East of Delhi: Multilingual literary culture and world literature

Speaker
Francesca Orsini
Affiliation
Professor Emerita SOAS & Vivekananda Visiting Professor, University of Chicago
Date and Time:
-
Location:

537 Heller Hall

Abstract: How can we reassemble the languages and oral and written textual traditions that colonial ideas of language and modern literary histories have separated? This is not an exercise in nostalgia, but a way to account for literary texts and practices in ways more suited to the multilingual society from which they emerged and in which they circulated, and to imagine a different relationship to languages in the present. 

Drawing on geographer Doreen Massey’s definition of space as “the multiplicity of stories and trajectories so far” and on my recent book East of Delhi: Multilingual Literary Culture and World Literature, this talk employs space heuristically and at different levels, taking the “multilingual locals” of northern India in the early modern and early colonial periods as an example. Space directs our attention to the concrete location of literary practices, to different communities of taste, and to how texts and tastes circulated across them. Proximity in “multilingual locals” highlights dialogism in texts, explains choices in language register, and helps imagine audiences overhearing texts not directly meant for them. Moreover, the lens of space helps us bring together archives in different languages, search for multilingual clues, and probe the silences of each archive about the other languages, authors, and tastes around it.

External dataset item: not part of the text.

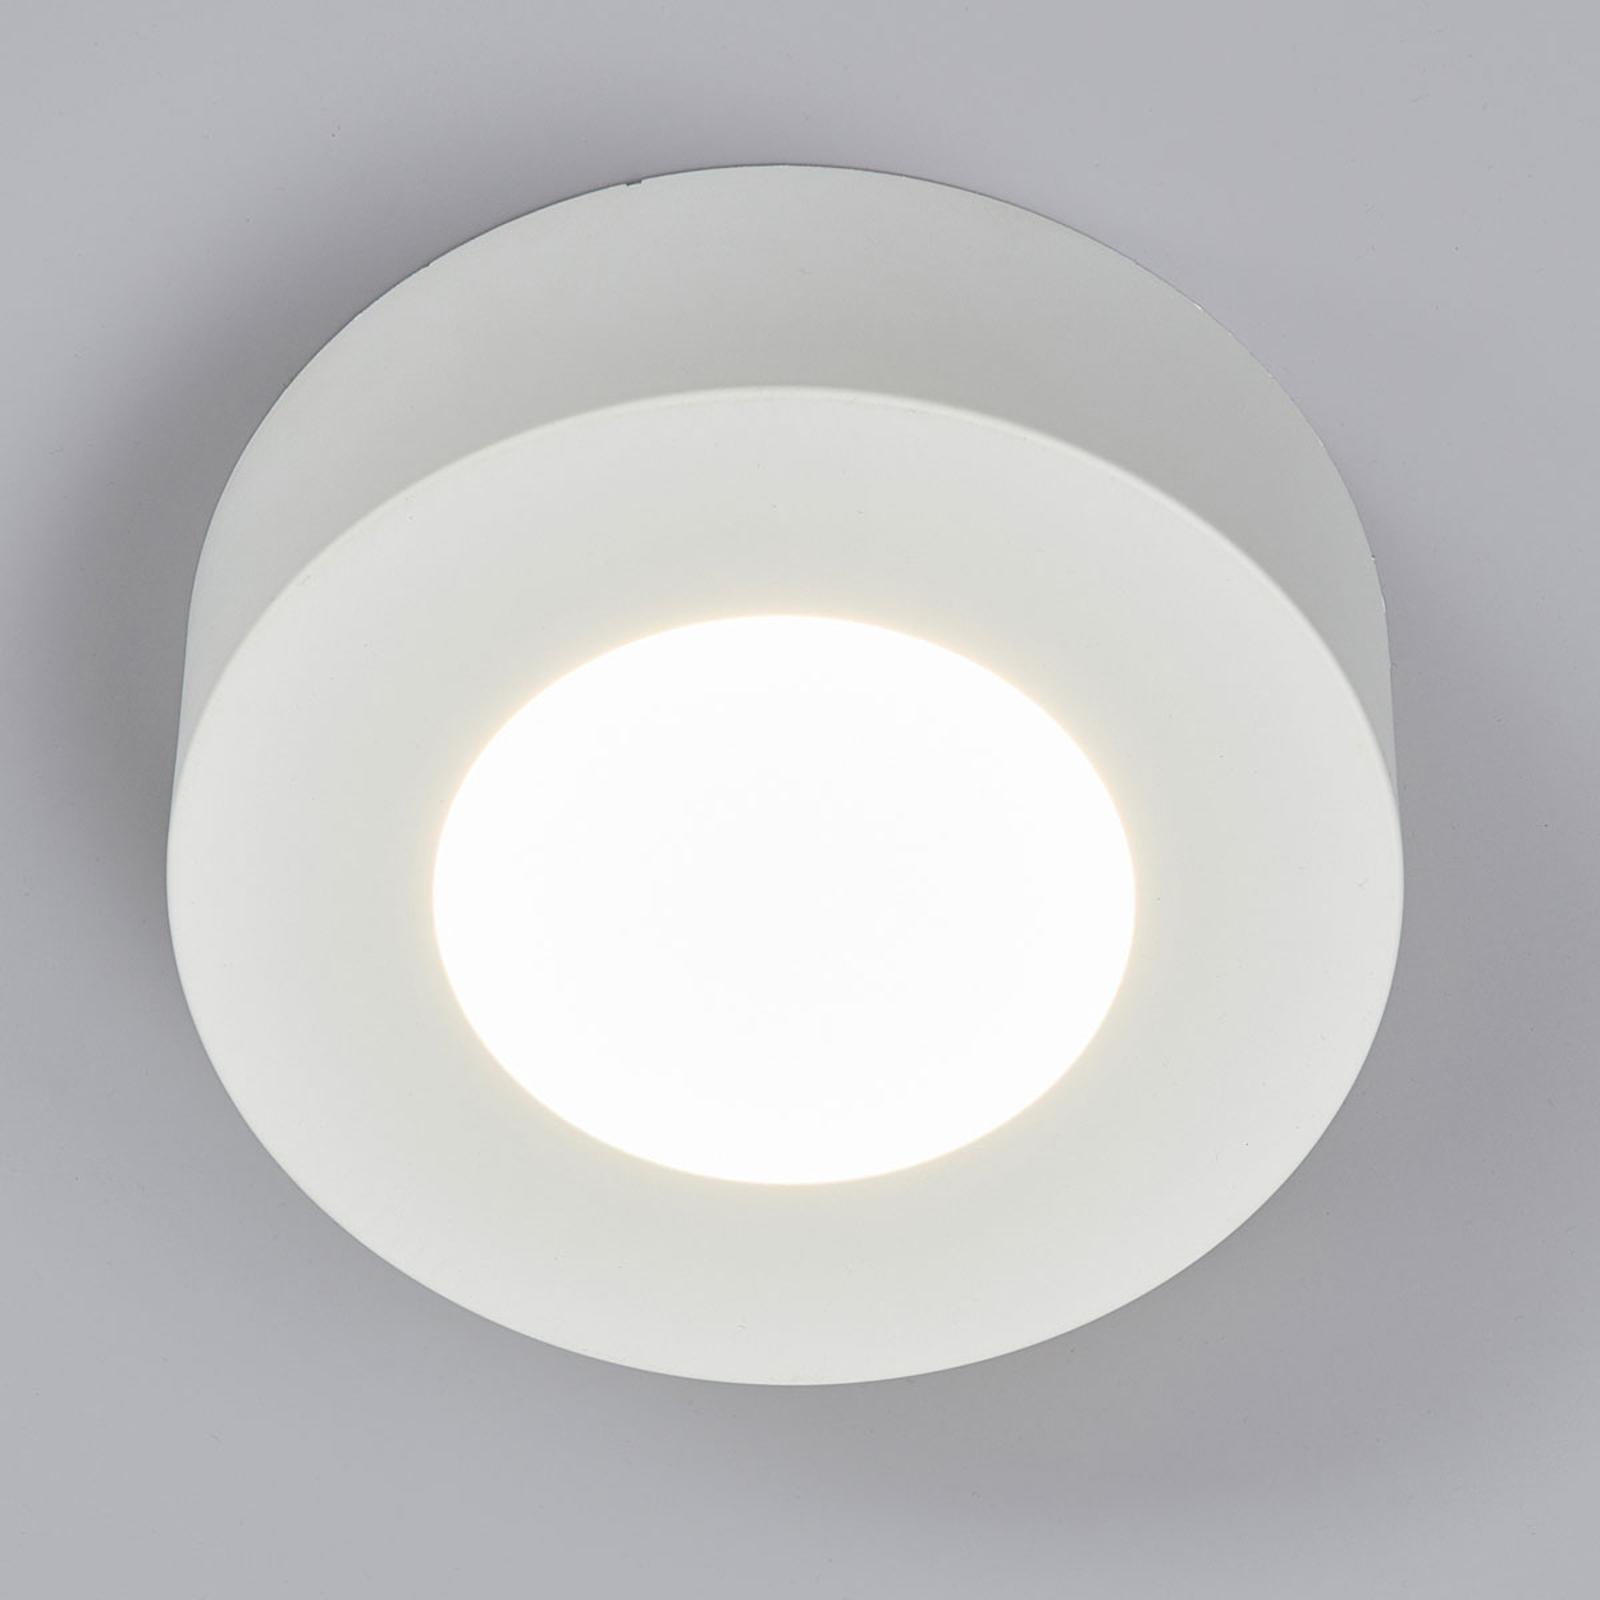 LED-loftlampe Marlo hvid 4000K rund 12,8cm

Did colonial ideas about language and about indigenous vs foreign spell the demise of this multilingual world? Once again, a local and located perspective provides a more nuanced take on the colonial “epistemic shift” that shows the old and new ways in which people used their multilingual repertoires under conditions of colonialism.

Graduate student discussant: Mukund Jha, PhD student, History. 

Downloadable flyer: 

Kaltura

About the Speaker

Francesca Orsini is a literary historian working primarily with Hindi and Urdu materials and is interested in exploring how multilingualism worked and continues to work within the literary cultures of South Asia. She is the author of several books including The Hindi Public Sphere 1920-1940. Language and Literature in the Age of Nationalism (2002), Print and Pleasure: Popular literature and entertaining fictions in colonial north India (2009), and finally, East of Delhi: Multilingual Literary culture and world literature (2023). Dr. Orsini is currently a Vivekananda Visiting Professor at the University of Chicago.